There are several ways you can help. Please visit the Help Us page on the mnoGoSearch website.
If I have pages with no keywords in the META description, will the document get indexed?
Yes. By default mnoGoSearch indexes the entire document. By changing the default values you can give different weights to different parts of the document, like body, title, keywords, description.
I'm wondering if mnoGoSearch supports multi-byte character sets. I'm especially interested in EUC-JP.
Multi-byte character sets (including EUC-JP) are supported starting from the version 3.2.x.
Why does indexer fail with a message like can't load library 'libmysqlclient.so.6'?
You probably don't have MySQL libraries properly installed. On Linux, just find out where your libmysqlclient.so.6 is, then add the path to this file into /etc/ld.so.conf. Then run ldconfig as root.
You can also set the value of the environment variable
LD_LIBRARY_PATH
to the path to the required
dynamic libraries. This works on any OS.
Note that this is a general UNIX configuration issue, not only mnoGoSearch specific.
What is the maximum data size mnoGoSearch can can handle?
When using the blob storage mode, introduced in the version 3.2.8, mnoGoSearch is able to index and search through about one or two million documents on a single computer. The mnoGoSearch cluster introduced in the version 3.3.x can distribute data over multiple servers and is able to index up to about 500 million documents when using 256 machines.
I want to index multiple virtual domains on a single box. What settings do I need to change for that?
Virtual domains are fully supported. No additional settings are required.
Is it possible to use different templates for searches, i.e. view search results in the design of different sites without having to recompile search.cgi?
There are several ways to do it. They are given here in the order how search.cgi detects template name:
search.cgi checks
the environment variable UDMSEARCH_TEMPLATE
.
Thus you can put the desired search template file name
into this variable.
search.cgi also supports
Apache internal redirect.
It checks the REDIRECT_STATUS
and
REDIRECT_URL
environment variables.
To activate this template option you may add these
lines to Apache srm.conf:
AddType text/html .zhtml AddHandler zhtml .zhtml Action zhtml /cgi-bin/search.cgi
Put search.cgi into your /cgi-bin/ directory. Then put the HTML template into your site directory structure under any name with the .zhtml extension, for example template.zhtml. Now you can open the search page: http://www.site.com/path/to/template.zhtml. You can also use any available extension instead of .zhtml.

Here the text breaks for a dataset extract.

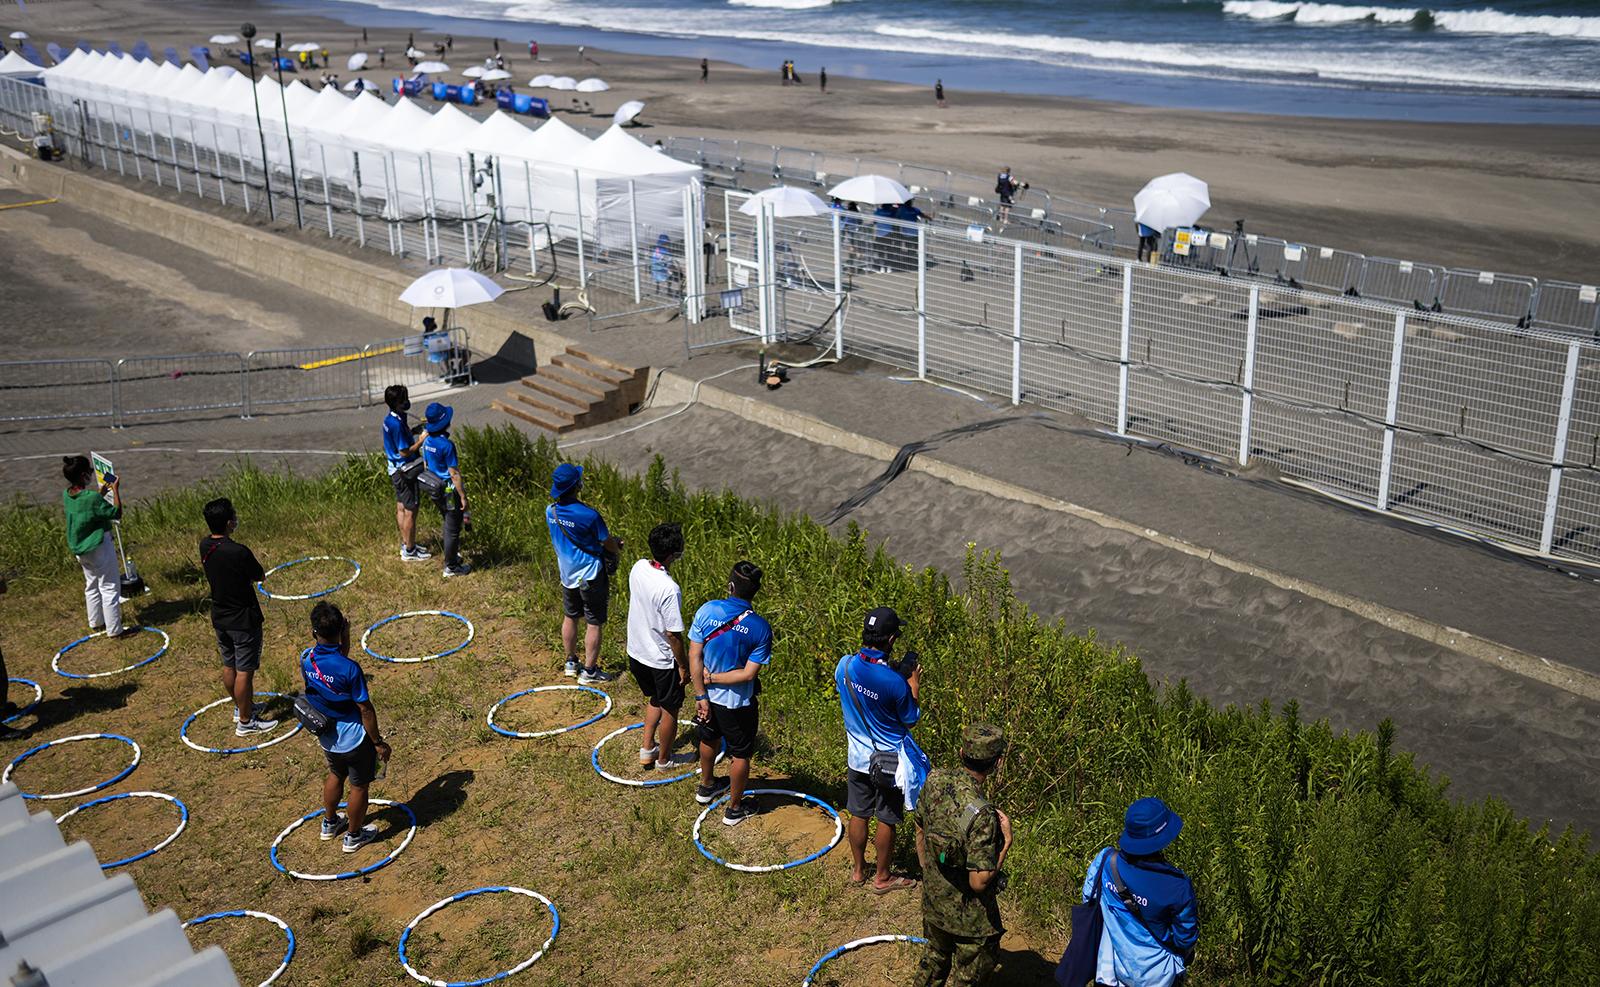 Volunteers keep social distance as they watch surfing at the 2020 Summer Olympics, Sunday, July 25, 2021, at Tsurigasaki beach in Ichinomiya, Japan. AP

If the above two methods fail,
search.cgi will open the template
having the same name with the script being executed,
using the SCRIPT_NAME
environment variable.
search.cgi will open the file
ETC/search.htm,
search1.cgi will
open ETC/search1.htm and so on,
where ETC is
mnoGoSearch /etc
directory
(usually /usr/local/mnogosearch/etc).
So, you can use the same search.cgi
with different templates
without having to recompile it. Just create one or multiple
hard or symbolic links to search.cgi
or copy it under different names then put the corresponding
search templates into the /etc
directory of your mnoGoSearch installation.
indexer doesn't store some links in the database although they are expected to be stored. indexer doesn't grab all the links from my web site, as a result only half the site is indexed.
There are two possible reasons:
indexer finds the links, but rejects to put them into the database. This most likely means that your indexer.conf configured not to allow these links.
indexer doesn't find the links on the page because of a bug in the HTML parser.
Imaging that http://localhost/links.html is a page that contains ignored links.
To discover the reason, start indexer with these command line arguments:
indexer -am -u http://localhost/links.html
It will display various debug information, including:
every link found on this page found
information why indexer rejects or accepts every link found
With this information provided it is easy to detect what is the reason of unexpected indexer behavior: either 1 or 2. When you know the reason, you can either change your indexer.conf and check again, or file a bug if you're sure that indexer.conf is OK.